VSI-Bench spans more than 5,000 egocentric QA pairs across eight categories: four numerical tasks (object count, absolute distance, object size, room size) and four multiple-choice tasks (relative distance, relative direction, route planning, appearance order). Despite having no route-planning supervision, SpatialStack generalizes strongly to that category while remaining competitive on the rest of the benchmark.

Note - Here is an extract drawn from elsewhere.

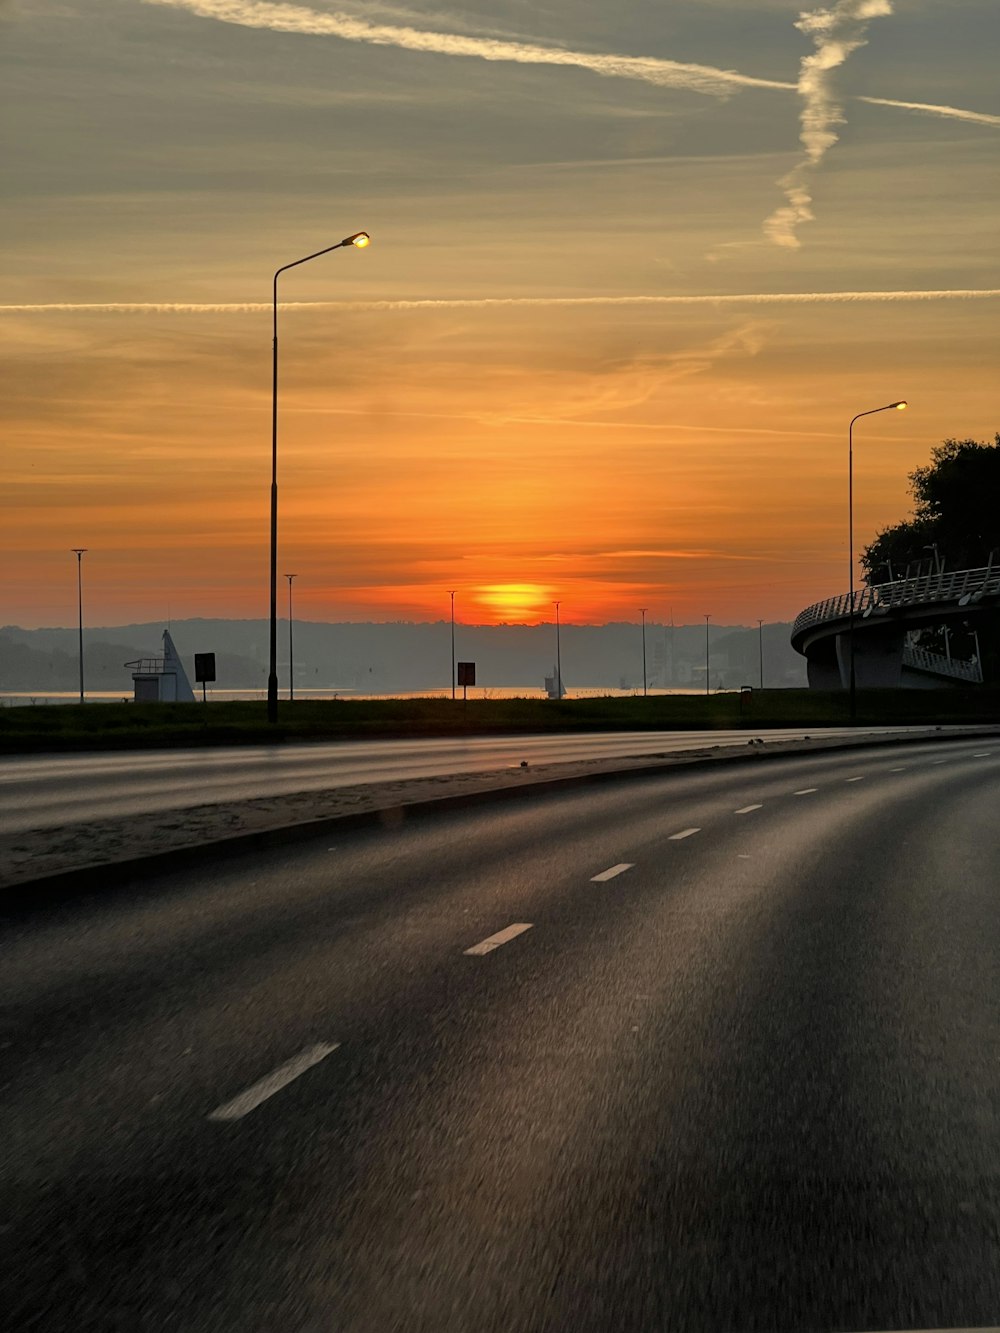 Le soleil se couche à l’horizon d’une autoroute

| Model | 2D (%) | 3D (%) | Avg. (%) |
|---|---|---|---|
| Proprietary Models (API) | |||
| GPT-4o | 74.8 | 83.0 | 78.9 |
| Open-source Models | |||
| Mini-Gemini-HD-34B | 71.5 | 79.2 | 75.4 |
| LLaVA-NeXT-34B | 73.0 | 74.8 | 73.9 |
| Cambrian-1-34B | 74.0 | 79.7 | 76.9 |
| SAT-LLaVA-Video-7B | 73.0 | 83.8 | 78.4 |
| SPAR-8B | 72.3 | 89.1 | 80.7 |
| Qwen2.5-VL-3B | 67.9 | 70.4 | 69.2 |
| Qwen2.5-VL-7B | 73.9 | 80.9 | 77.4 |
| Cambrian-S-7B | 74.3 | 83.0 | 78.7 |
| Cambrian-S-3B | 76.1 | 76.3 | 76.2 |
| Dual-Encoder MLLMs | |||
| VG-LLM-4B | 71.3 | 87.7 | 79.5 |
| VG-LLM-8B | 72.2 | 91.1 | 81.7 |
| SpatialStack-4B | 75.4 | 87.0 | 81.2 |
| SpatialStack-8B | 76.1 | 90.8 | 83.5 |
CV-Bench leaderboard. SpatialStack-4B and -8B outperform existing dual-encoder baselines across splits.

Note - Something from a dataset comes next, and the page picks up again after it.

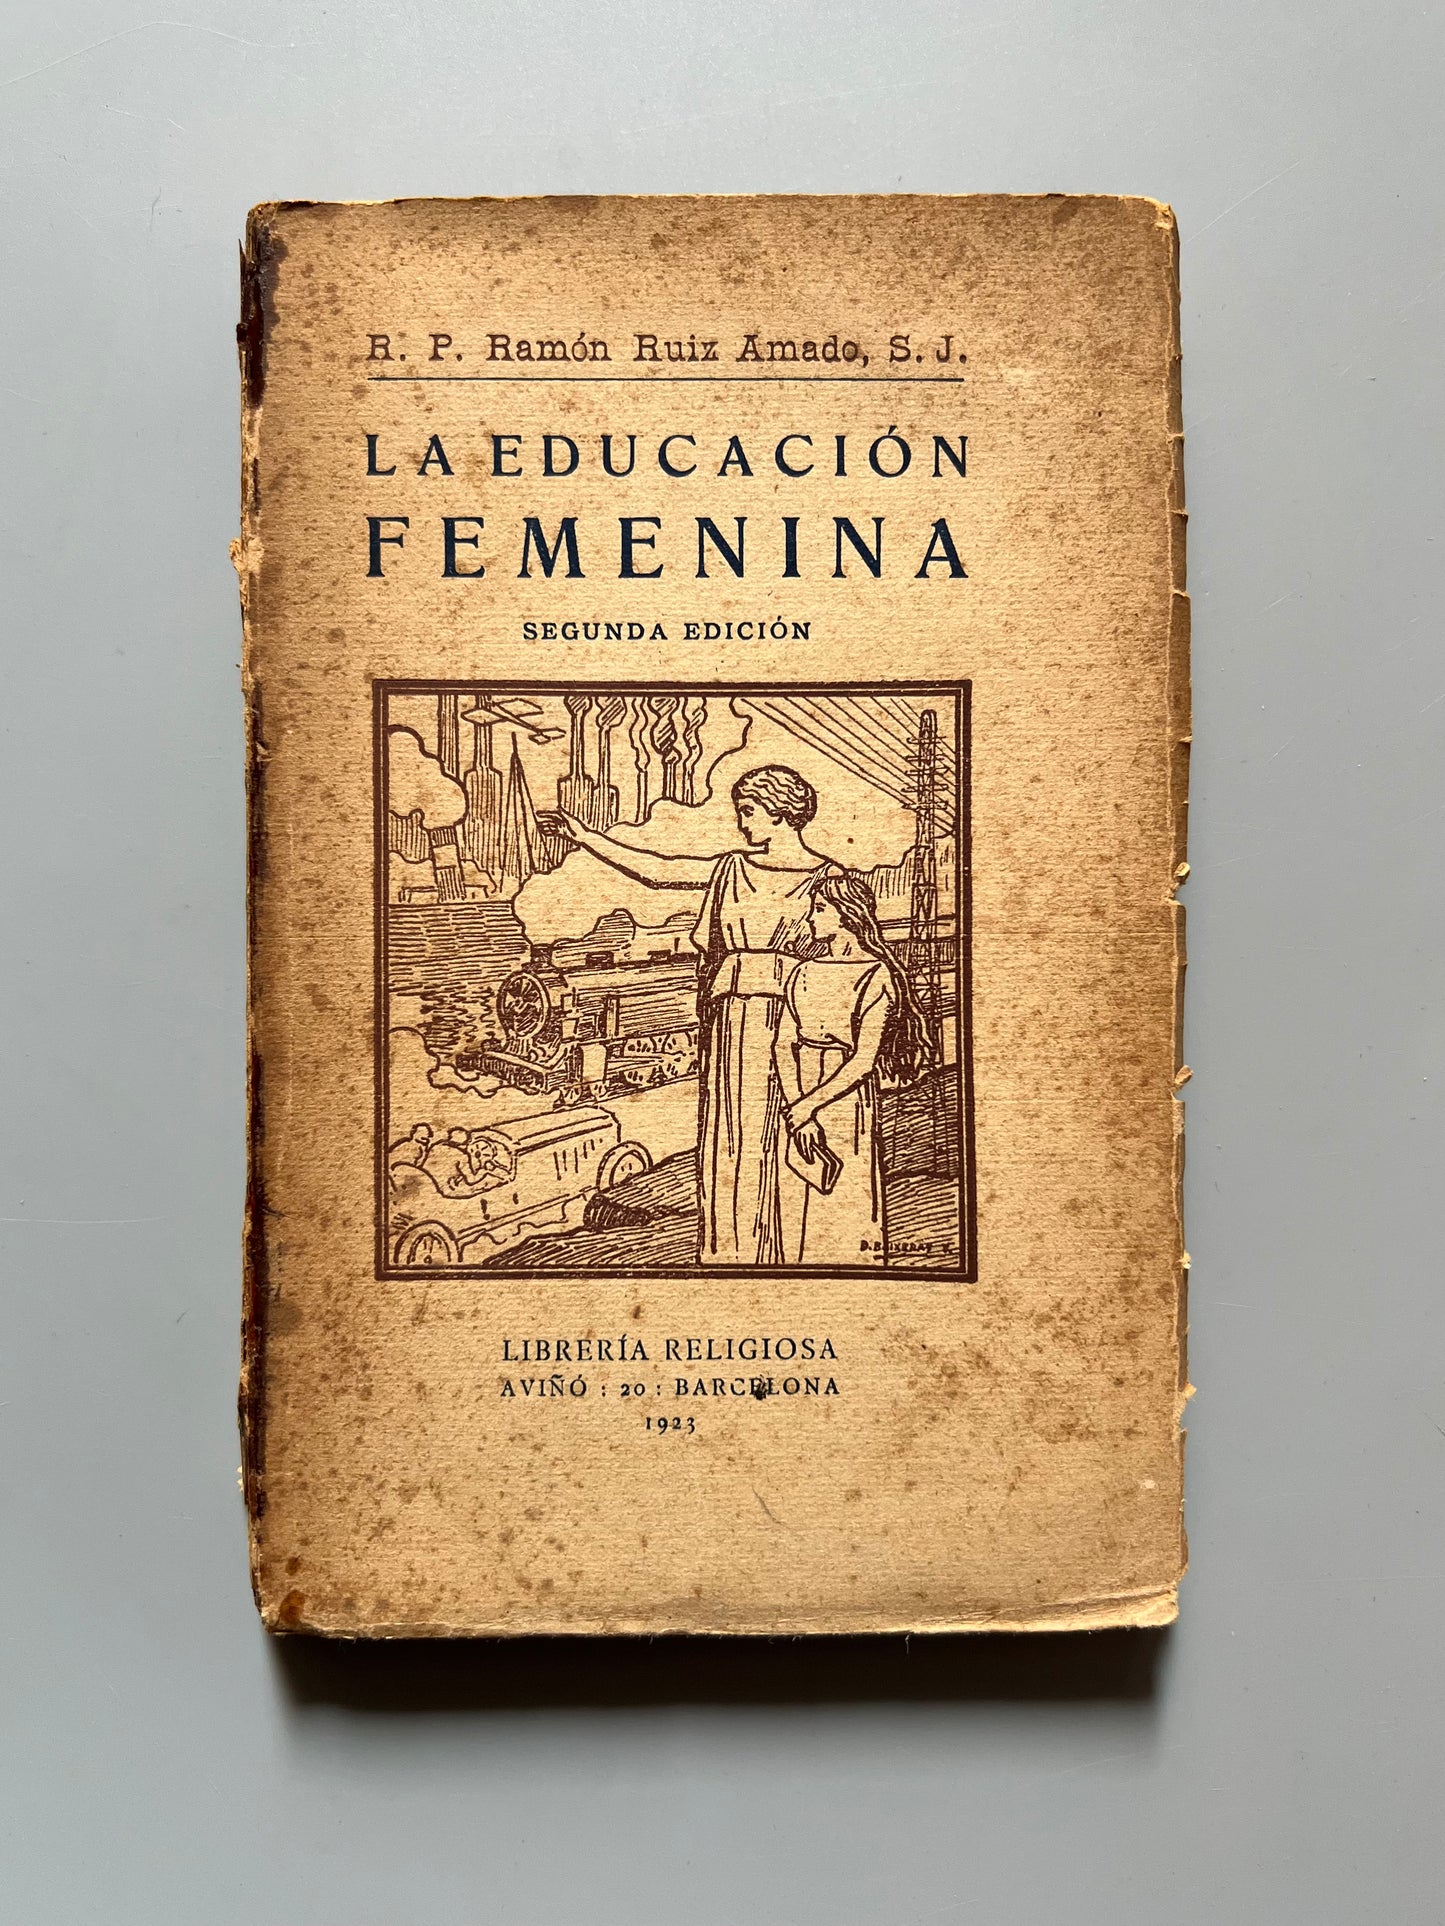 La educación femenina, R. P. Ramón Ruiz Amado - Librería Religiosa, 1923

CV-Bench reformulates classical 2D relation/counting tasks and 3D depth/distance questions into QA evaluations. SpatialStack-4B already overtakes VG-LLM-4B on both splits, while SpatialStack-8B delivers the best overall accuracy (83.5) and matches the strongest reported 2D score.